Low-frequency vibrations in resonance Raman spectra of horse heart myoglobin. Iron-ligand and iron-nitrogen vibrational modes

Abstract

The low-frequency regions (150-700 cm-1) of resonance Raman (RR) spectra of various complexes of oxidized and reduced horse heart myoglobin were examined by 441.6 nm excitation. In this frequency range, RR spectra show 10 bands common to all myoglobin derivatives (numbered here for convenience from I-X). Relative intensities of bands, IV, V and X constitute good indicators of the doming state of the heme and of the spin state of the Fe atom.
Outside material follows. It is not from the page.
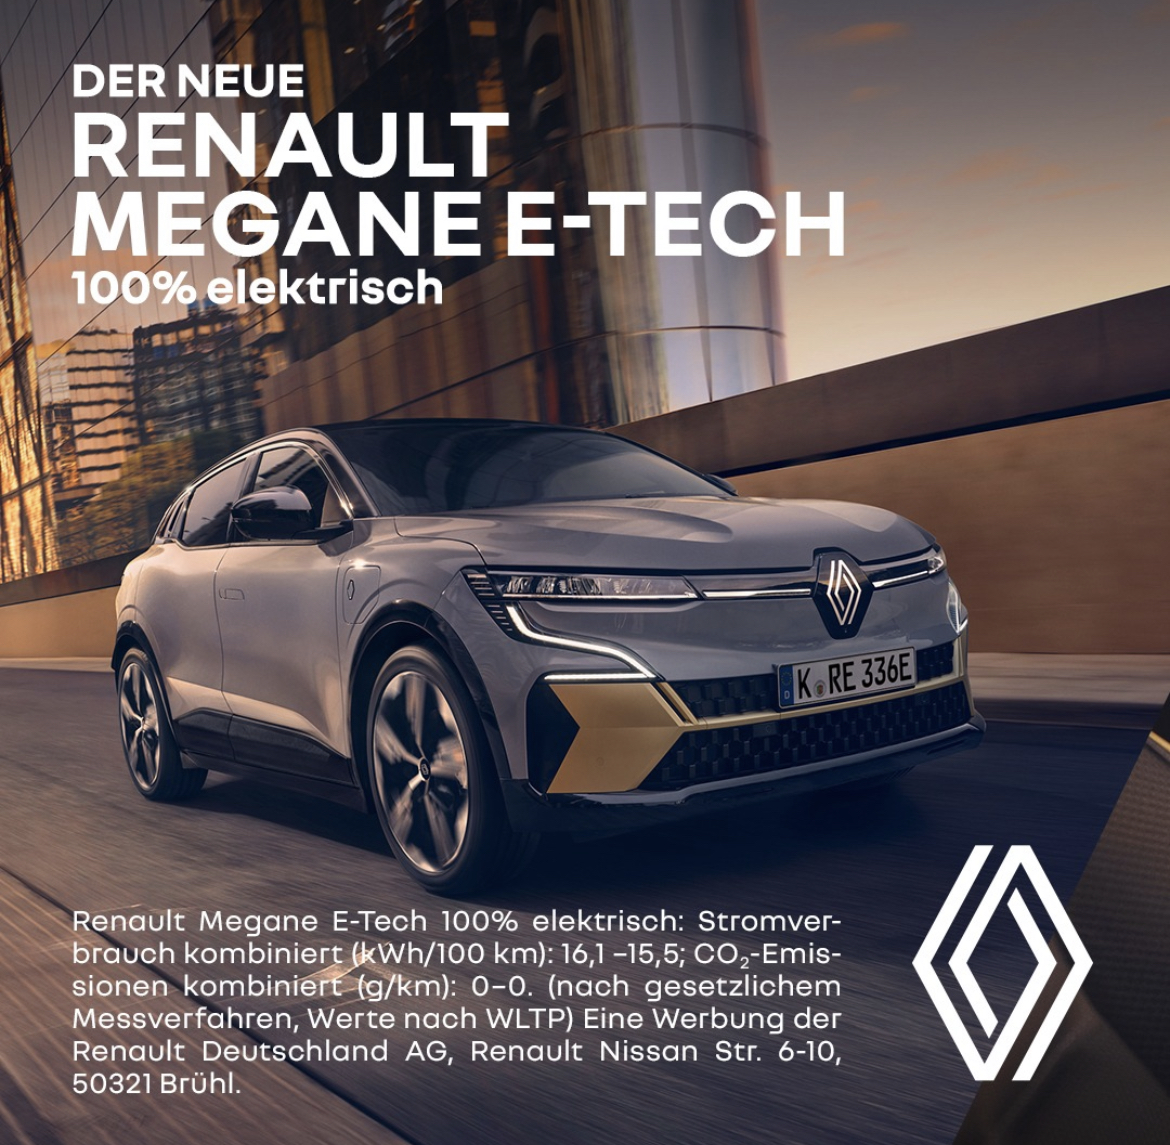 Der Renault Megane E-Tech 100 % elektrisch
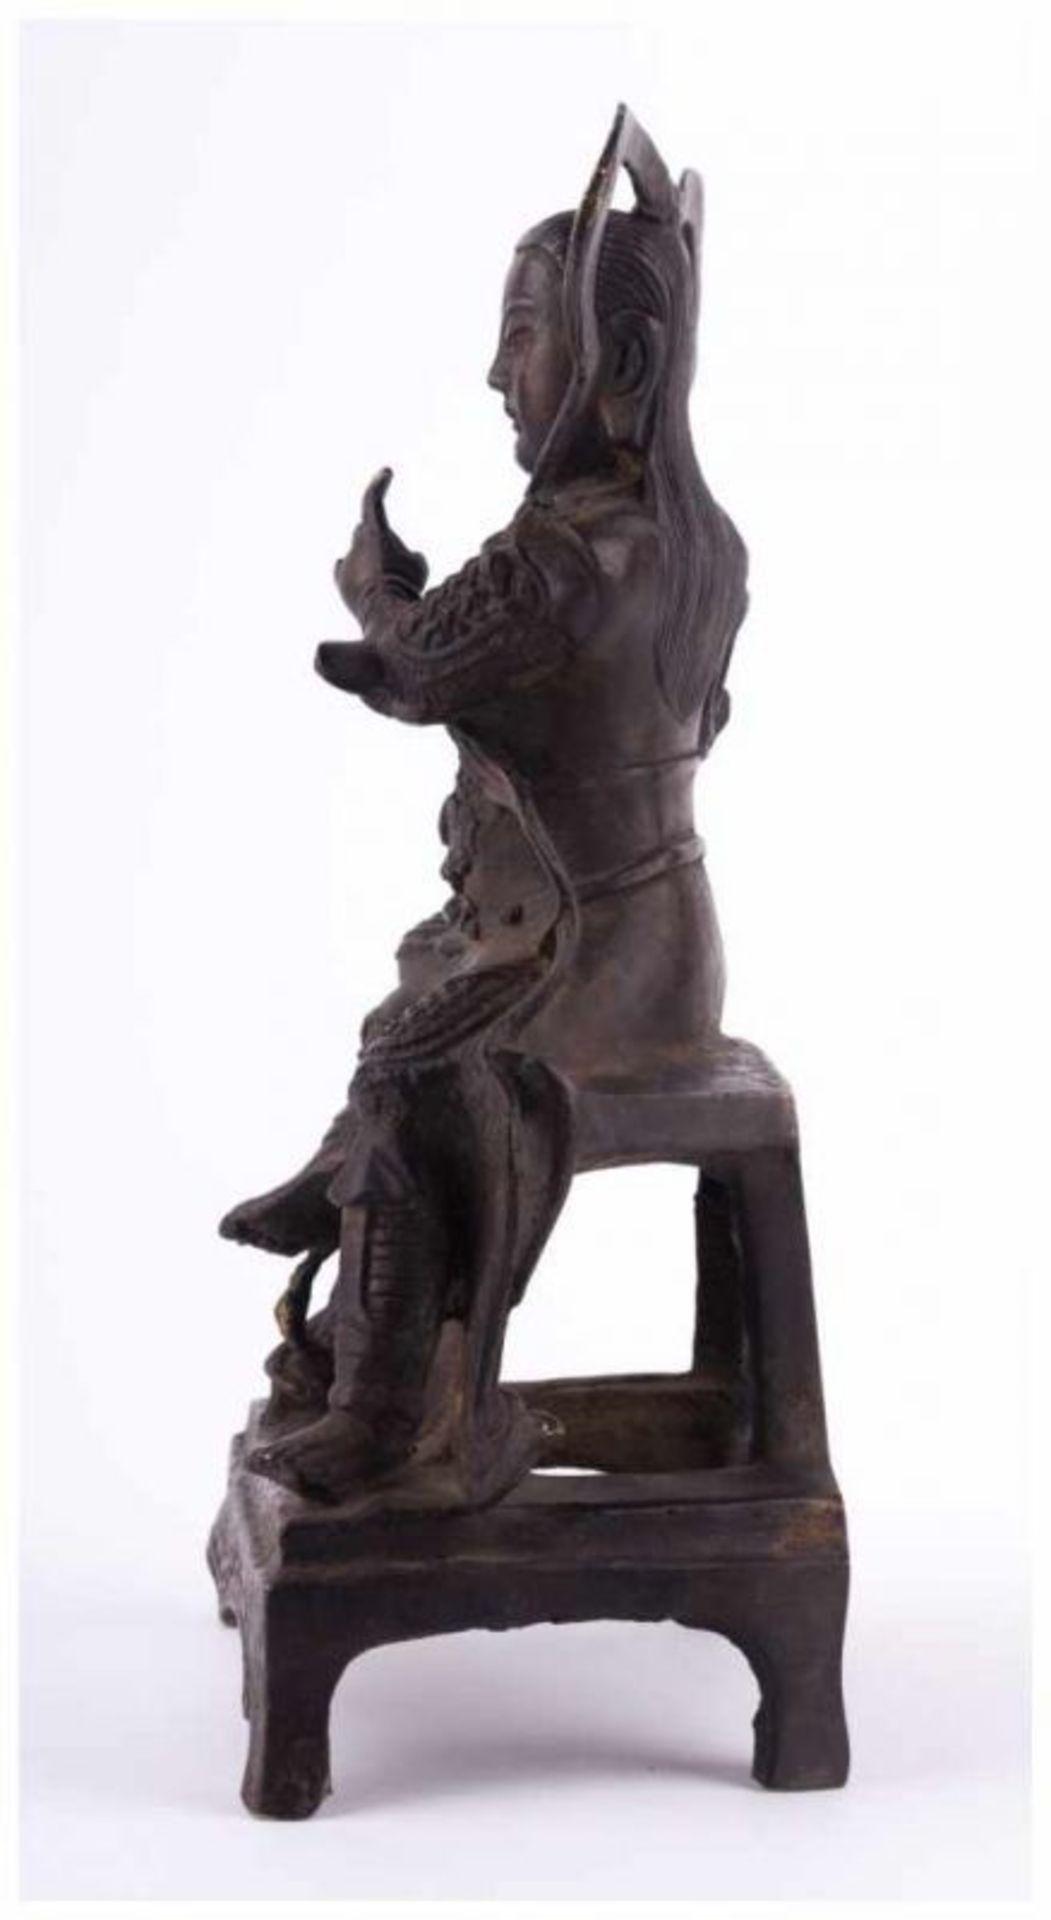 Alte Skulptur China / Old sculpture, China - Bronze, braun Patina mit Resten alter [...] - Image 4 of 14

An additional band is present for several complexes (fluorometmyoglobin, hydroxymetmyoglobin, azidometmyoglobin and oxymyoglobin). Isotopic substitutions on the exogenous ligands and of the iron atom (56Fe .fwdarw. 54Fe) allow these additional lines to be assigned to the stretching vibrations of the Fe-6th ligand bond. Bands II are assigned to stretching vibrations of the Fe-N-(pyrrole) bonds. An assignment of bands VI to stretching vibrations of the Fe-N.epsilon. (proximal histidine) bonds is also proposed. Mechanisms for the resonance enhancement of the main low-frequency bands are discussed on the basis of the excitation profiles and of the dispersion curves for depolarization ratios obtained for fluorometmyoglobin and hydroxymetmyoglobin.